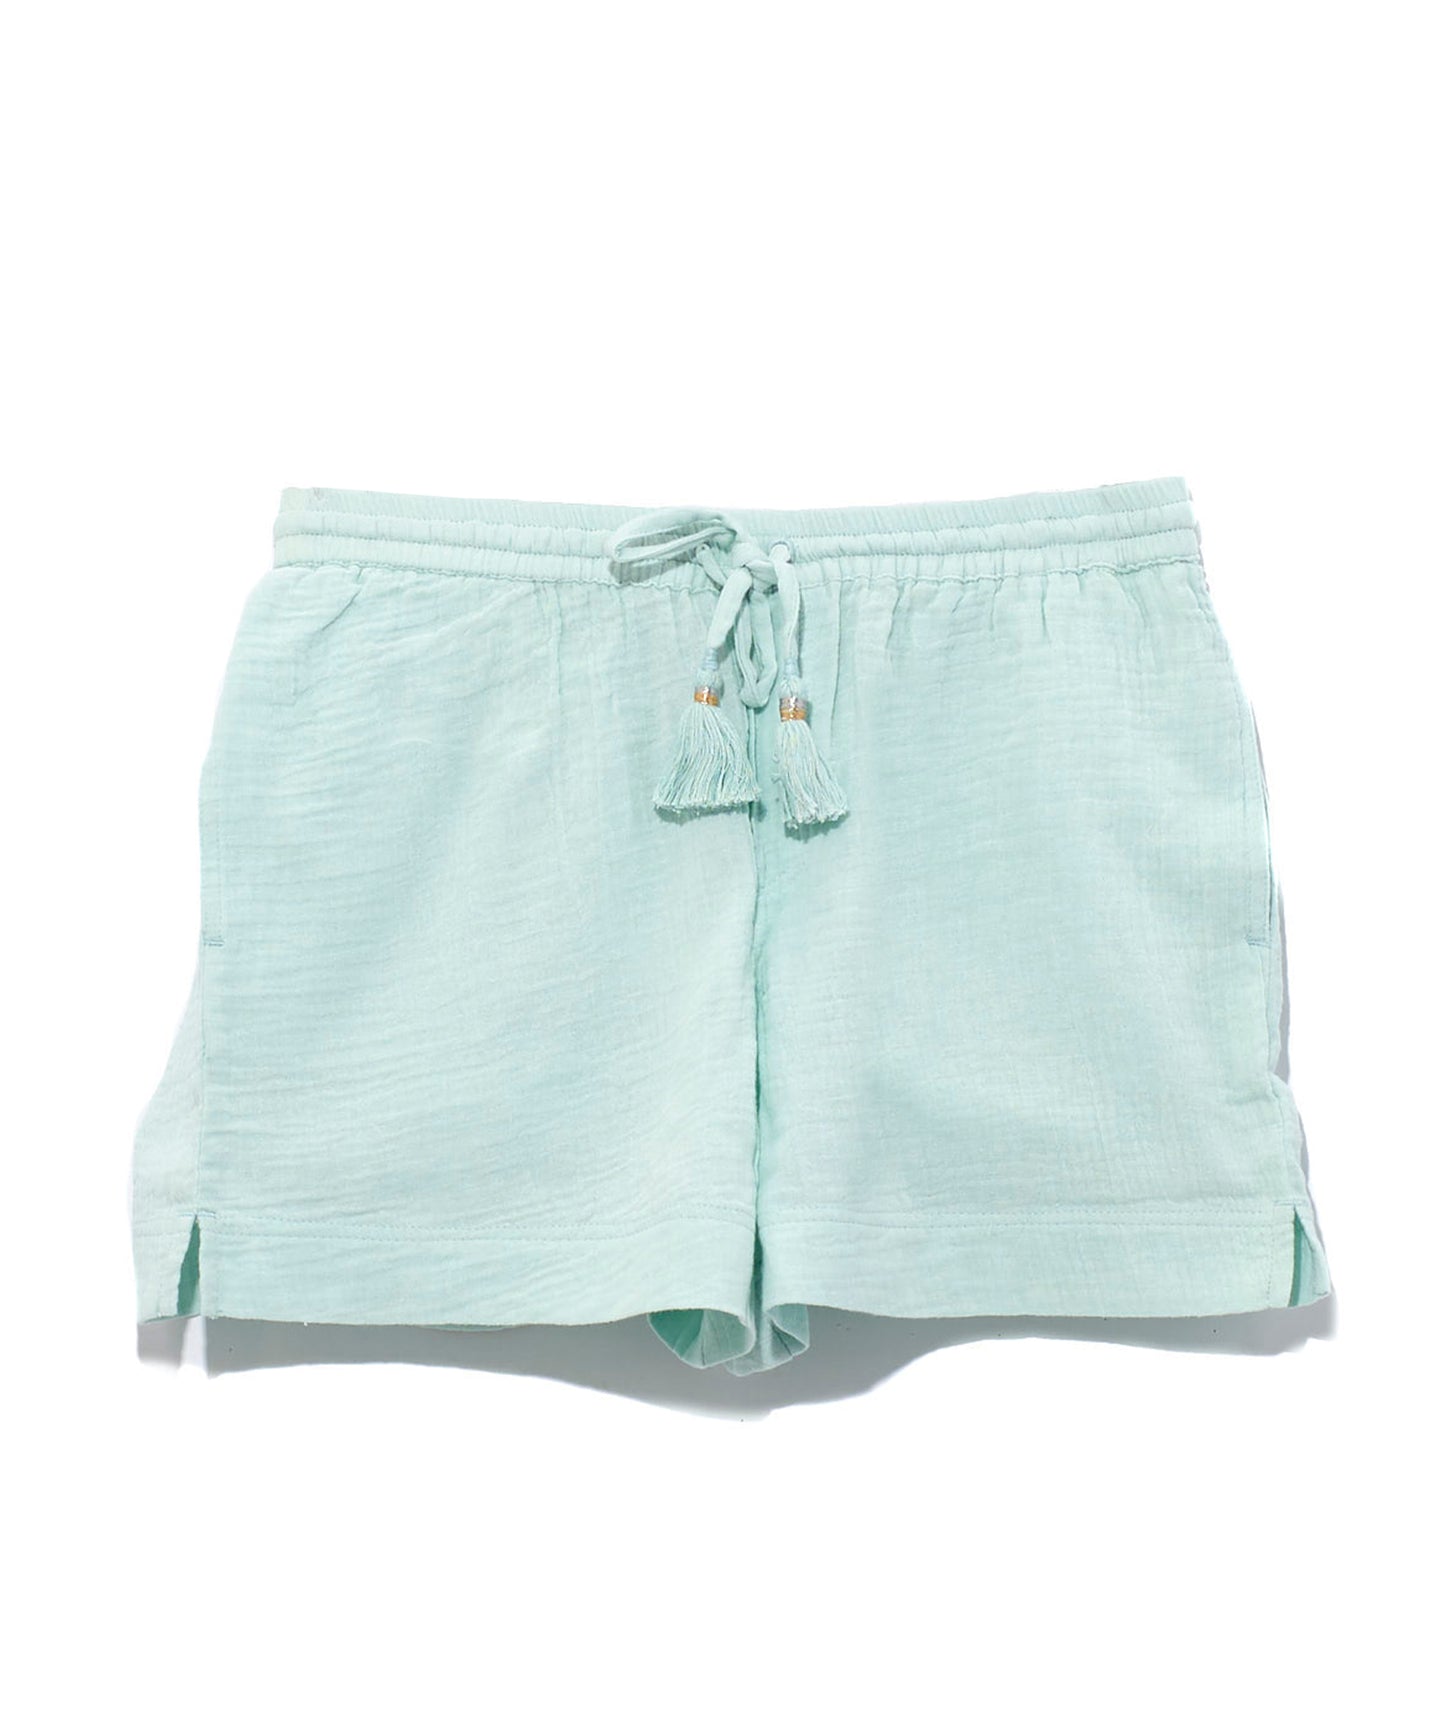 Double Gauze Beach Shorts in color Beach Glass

==

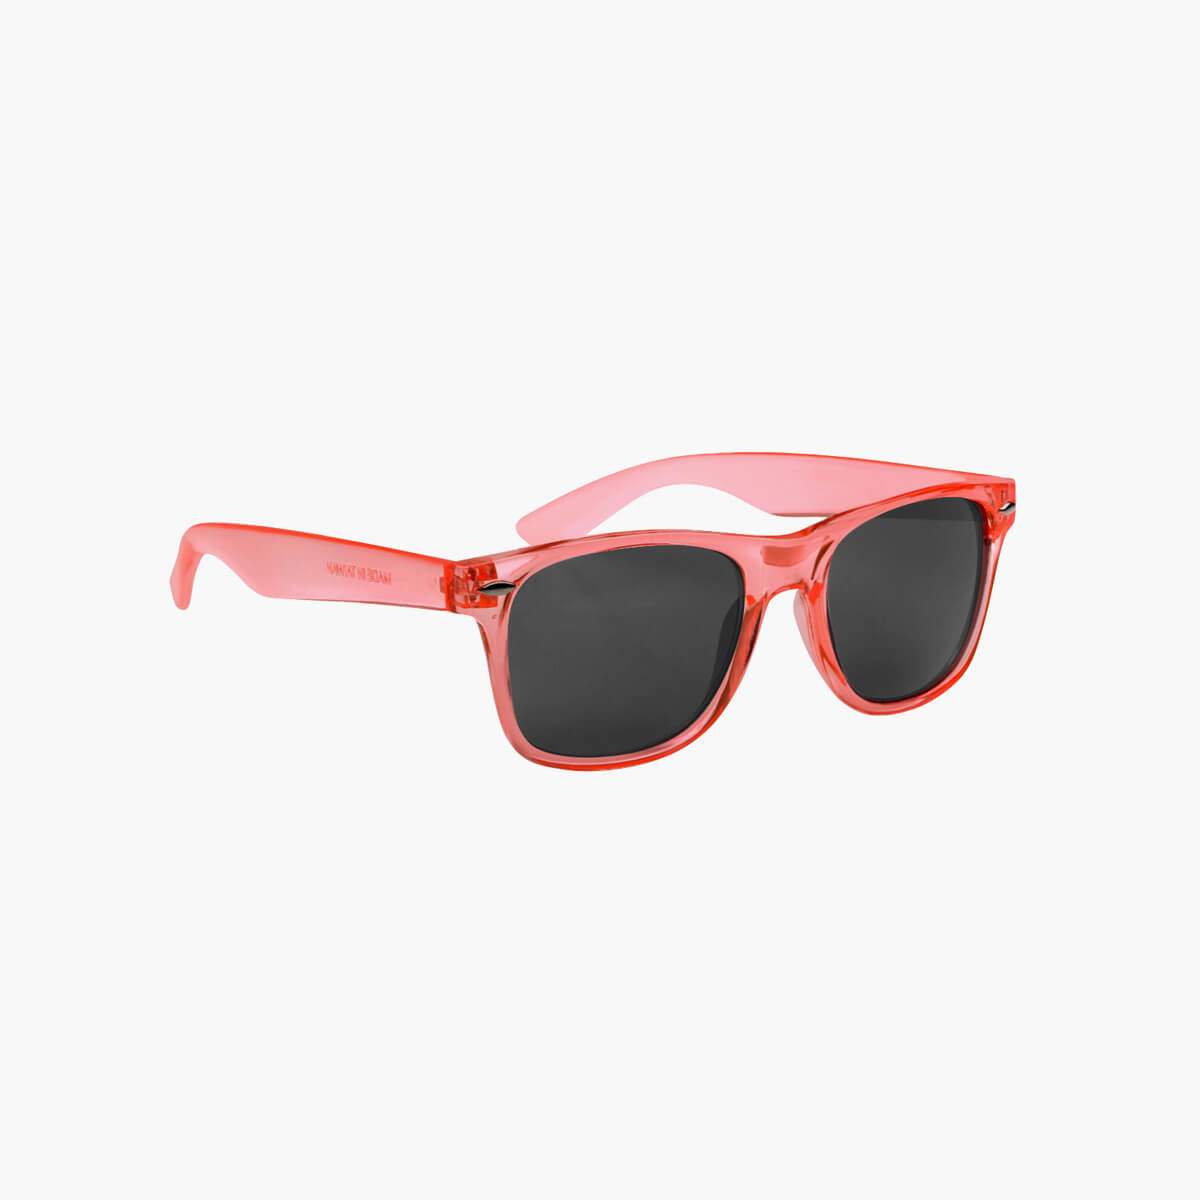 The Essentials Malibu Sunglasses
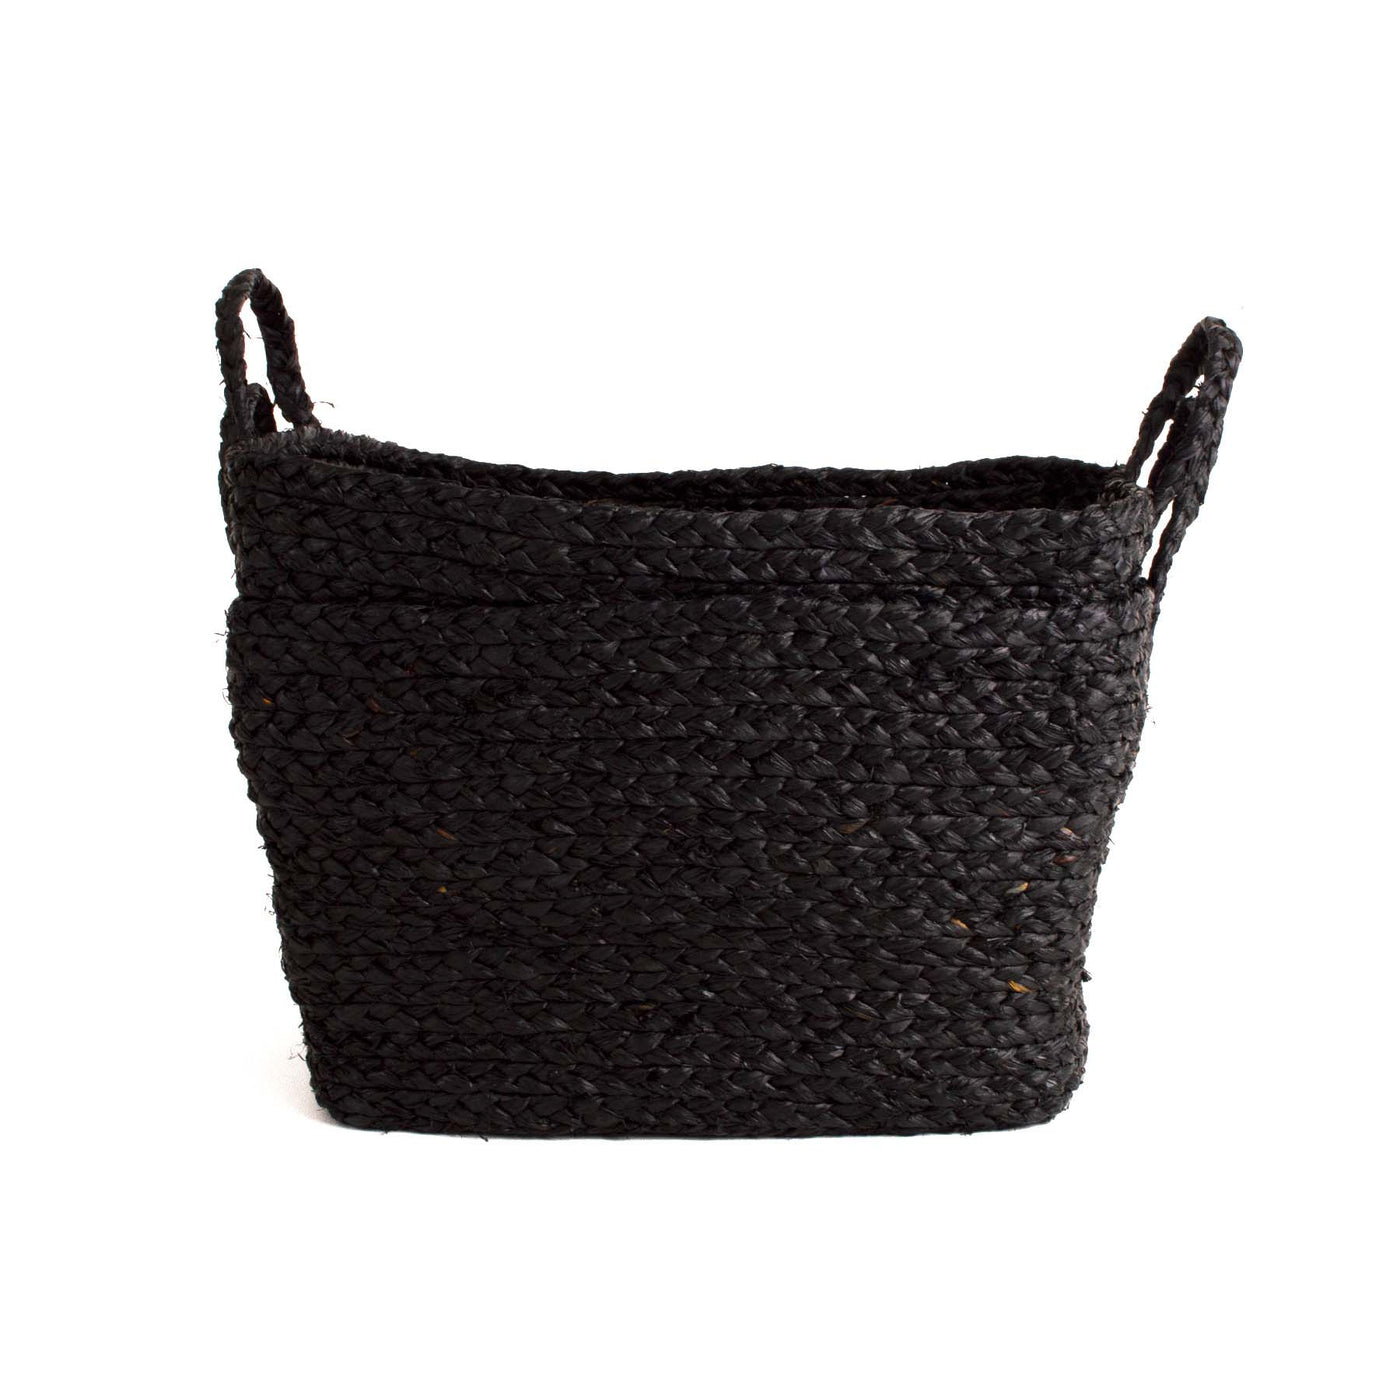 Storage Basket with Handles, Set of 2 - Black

__Your objective__
The copy should hold exactly the lines above from the one with "The Essentials Malibu Sunglasses" through the one with "Storage Basket with", both ends counted, and no pictures at all.

__Solution for this task__
 The Essentials Malibu Sunglasses
 Storage Basket with Handles, Set of 2 - Black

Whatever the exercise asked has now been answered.